Data provided:

========================

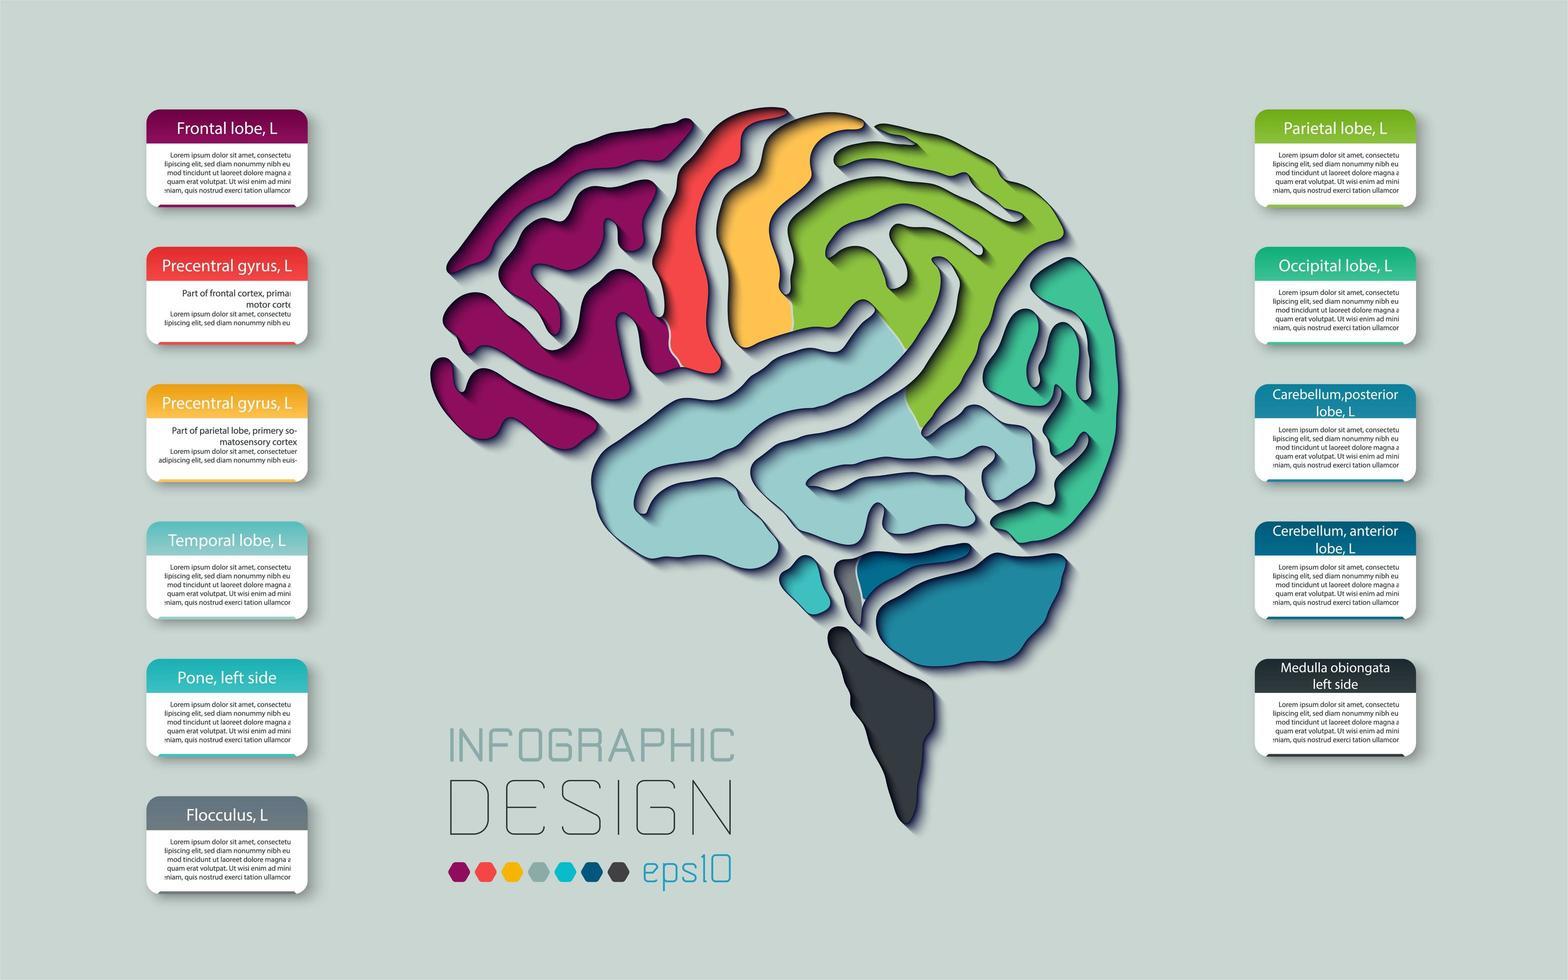 bunte Linie Infografik des Gehirndiagramms vektor
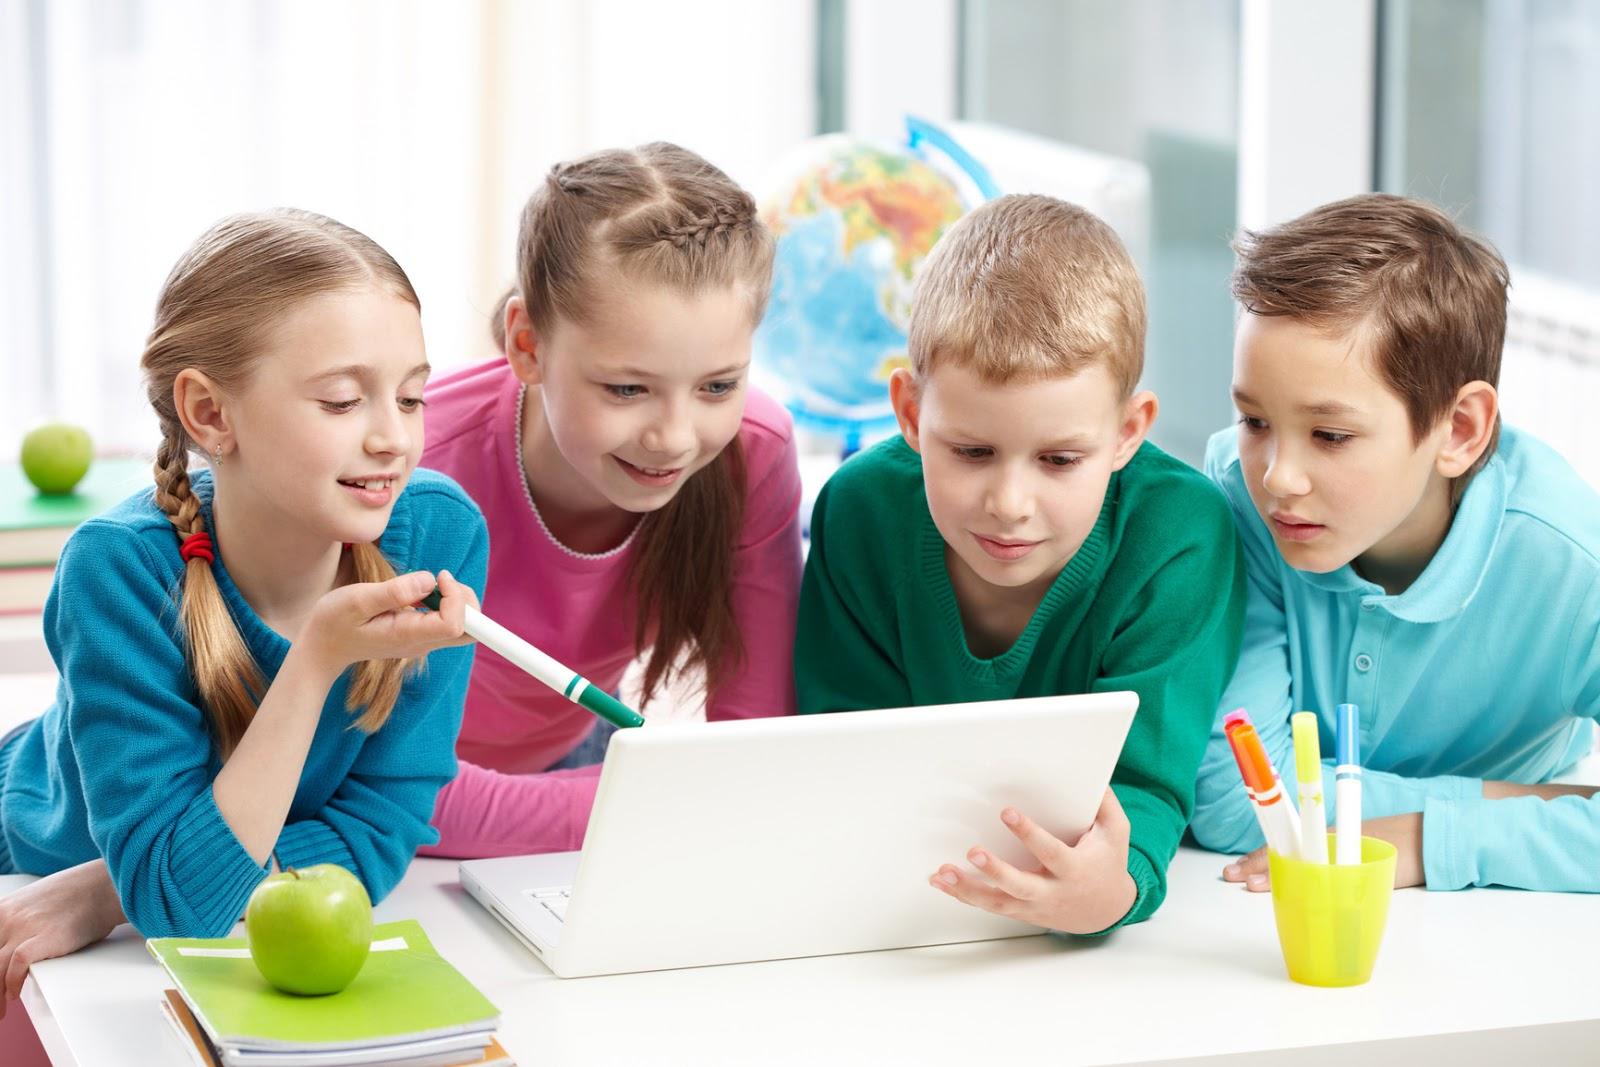 آموزش کامپیوتر برای کودکان
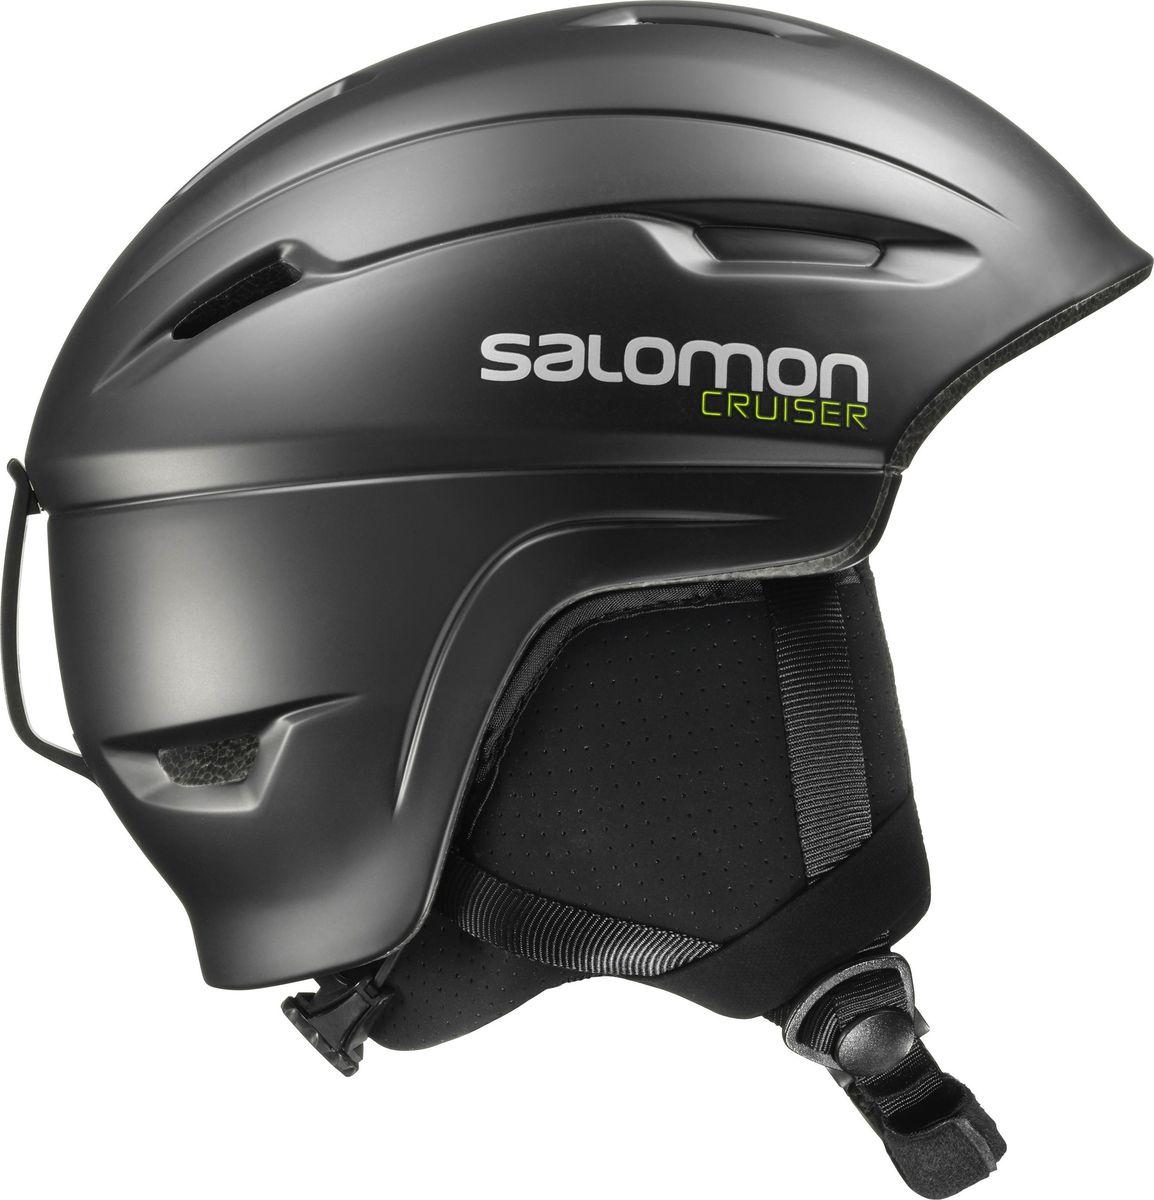 Шлем горнолыжный Salomon Helmet Cruiser 4D Black. Размер M (56/59)L39035100Шлем имеет верхнюю полуоткрытую конструкцию, выполненную как «раковина», в основе которой лежит материал полистирол. Достигается впечатляющая вентиляция посредством использования циркулируемого воздушного потока. Материал легко отстирывается, даже после больших загрязнений на поверхности. Включена и специальная конструкции наушников, которая может без проблем интегрироваться с любой аудиосистемой. Имеет высокую прочность, долговечность. Шлем с применением инновационного материала EPS 4D - эффективное поглощение удара с любого направления - наклонного или вертикального. Система регулировки размера Custom Dial - система быстрой и удобной регулировки поворотным кольцом сзади шлема. Система вентиляции Airflow - вентиляционные каналы, расположенные в стратегически важных зонах, делают воздушный поток и вывод тепла. Съемная подкладка. Съемная защита ушей. Шлем совместим с аудио-аксессуарами.

========================

Task:
Please restate the whole listing exactly, without any of its pictures.

Response box:
 bunte Linie Infografik des Gehirndiagramms vektor
 آموزش کامپیوتر برای کودکان
 Шлем горнолыжный Salomon Helmet Cruiser 4D Black. Размер M (56/59)L39035100Шлем имеет верхнюю полуоткрытую конструкцию, выполненную как «раковина», в основе которой лежит материал полистирол. Достигается впечатляющая вентиляция посредством использования циркулируемого воздушного потока. Материал легко отстирывается, даже после больших загрязнений на поверхности. Включена и специальная конструкции наушников, которая может без проблем интегрироваться с любой аудиосистемой. Имеет высокую прочность, долговечность. Шлем с применением инновационного материала EPS 4D - эффективное поглощение удара с любого направления - наклонного или вертикального. Система регулировки размера Custom Dial - система быстрой и удобной регулировки поворотным кольцом сзади шлема. Система вентиляции Airflow - вентиляционные каналы, расположенные в стратегически важных зонах, делают воздушный поток и вывод тепла. Съемная подкладка. Съемная защита ушей. Шлем совместим с аудио-аксессуарами.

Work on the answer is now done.